On Tuesday, AWMIK in partnership with Heinrich Böll Stiftung, a German political foundation, held a forum with panelists from local universities, Media Council of Kenya (MCK) and journalists to underscore effects of fake news in Kenya.

When asked to define fake news, Victor Bwire, Head of Media Development and Strategy at MCK, said though the term is an oxymoron it is the biggest challenge facing media houses across the world.

— DUKE OF ISIOLO (KHK) (@Happy_kulayo) May 10, 2019

“Once it is fake, it cannot be news. News is verifiable information but the issue of propaganda is real, and it is nothing new,” he said.

The difference between what we call fake news and journalistic errors is the motive. In the case of fake news, someone intentionally generates false information with a business or political motive.”

According to him, people knowingly spread misinformation on Whatsapp, Facebook, Twitter, Instagram and other platforms without verifying the source or authenticity.

A recent report from the BBC revealed that Kenyans and Nigerians ‘underestimate their ability to spot fake news’ and mostly share it because emotion trumps reason, to get validation (being the first to share news amongst friends) and even out of a false sense of civic duty.

Bwire further noted that misinformation threatens to disrepute not only individuals and media houses but also top corporates and government institutions.

He questioned why the blame is placed squarely on the youth who are seen to be the ones mostly online yet they are not always the benefactors.

“Is it really true that it is the youth that are propagating ‘fake news’? The youth are too broke to afford bundles..Perpetuators of fake news tend to be educated people who know full well, how to use technology and the effects of fake news in framing narratives,” he added.

— Obed Simiyu (@SimiyuObed) May 9, 2019

Following the U.S. election in 2016 where it emerged that there may have been Russian influence through the use of what the New York Times calls ‘disseminated propaganda’, some psychologists have it that people are mostly duped not knowing what is real or fake.

“One group claims that our ability to reason is hijacked by our partisan convictions: that is, we’re prone to rationalization. The other group — to which the two of us belong — claims that the problem is that we often fail to exercise our critical faculties: that is, we’re mentally lazy,” the NYT report says.

In Kenya, the use of ‘fake news’ came to the fore during the 2017 general elections.

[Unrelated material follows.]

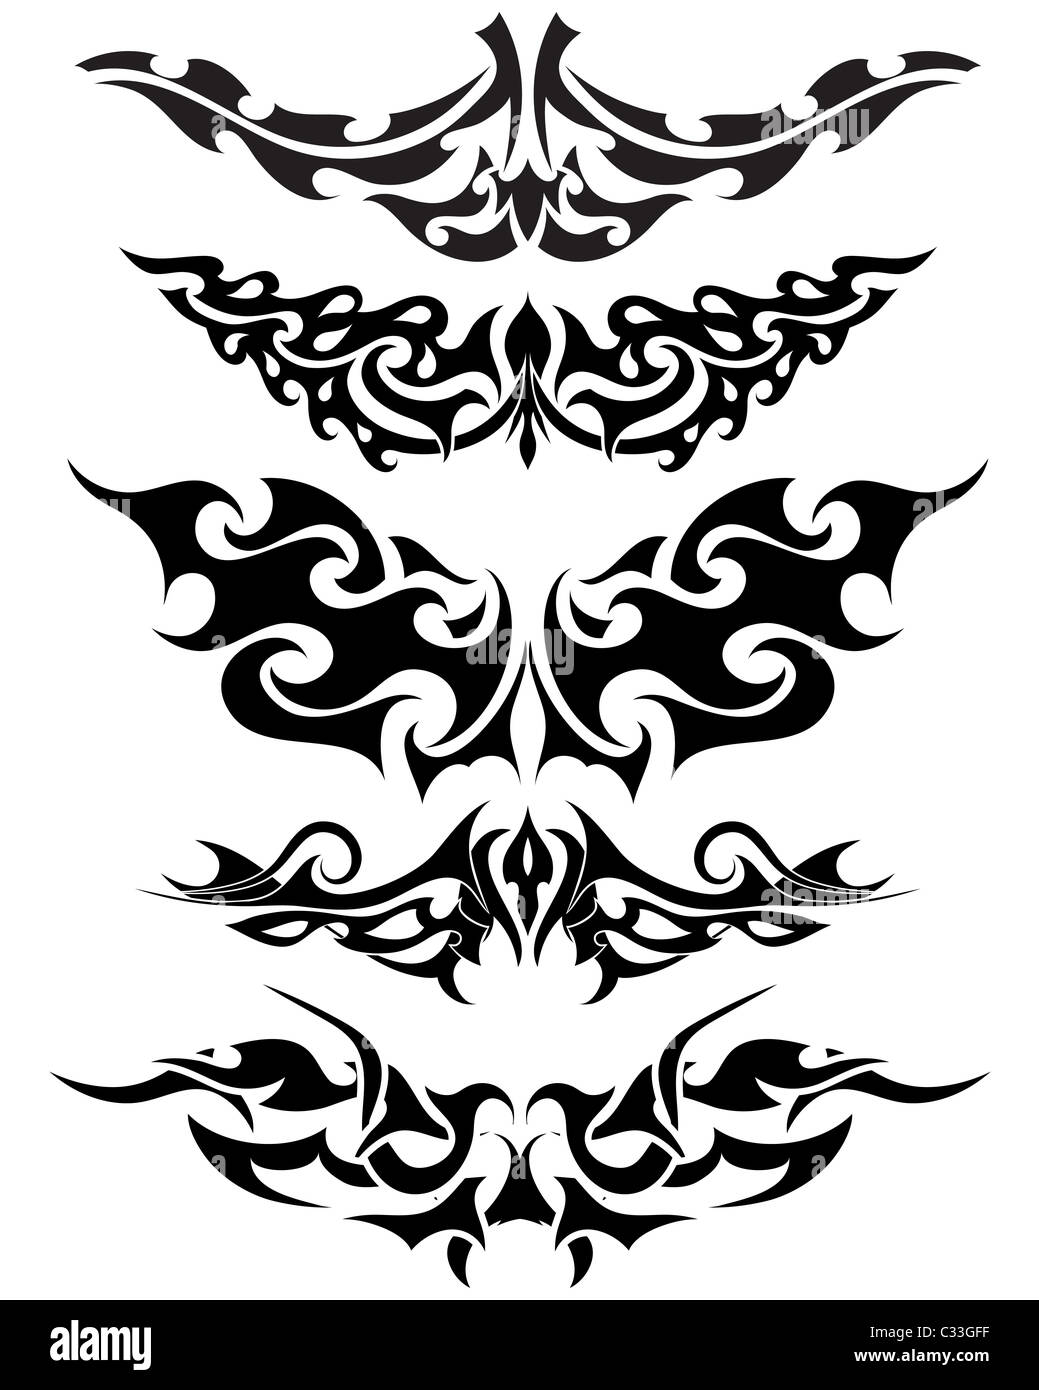 Tribal tattoo dragon with yin yang symbol black Sticker  Spreadshirt

— CNN International (@cnni) August 1, 2017

On March 21, 2018, Jubilee party through the then Vice-chairman David Murathe, confirmed that during the election campaigns, the party paid for services from Strategic Communication Laboratories (SCL) — an affiliate of Cambridge Analytica.

An undercover investigation of Cambridge Analytica by Britain’s Channel 4 said executives boasted they could entrap politicians in compromising situations with bribes and Ukrainian sex workers, and spread misinformation online.

The executives claimed to have worked in more 200 elections across the world, including Argentina, the Czech Republic, India, Kenya and Nigeria.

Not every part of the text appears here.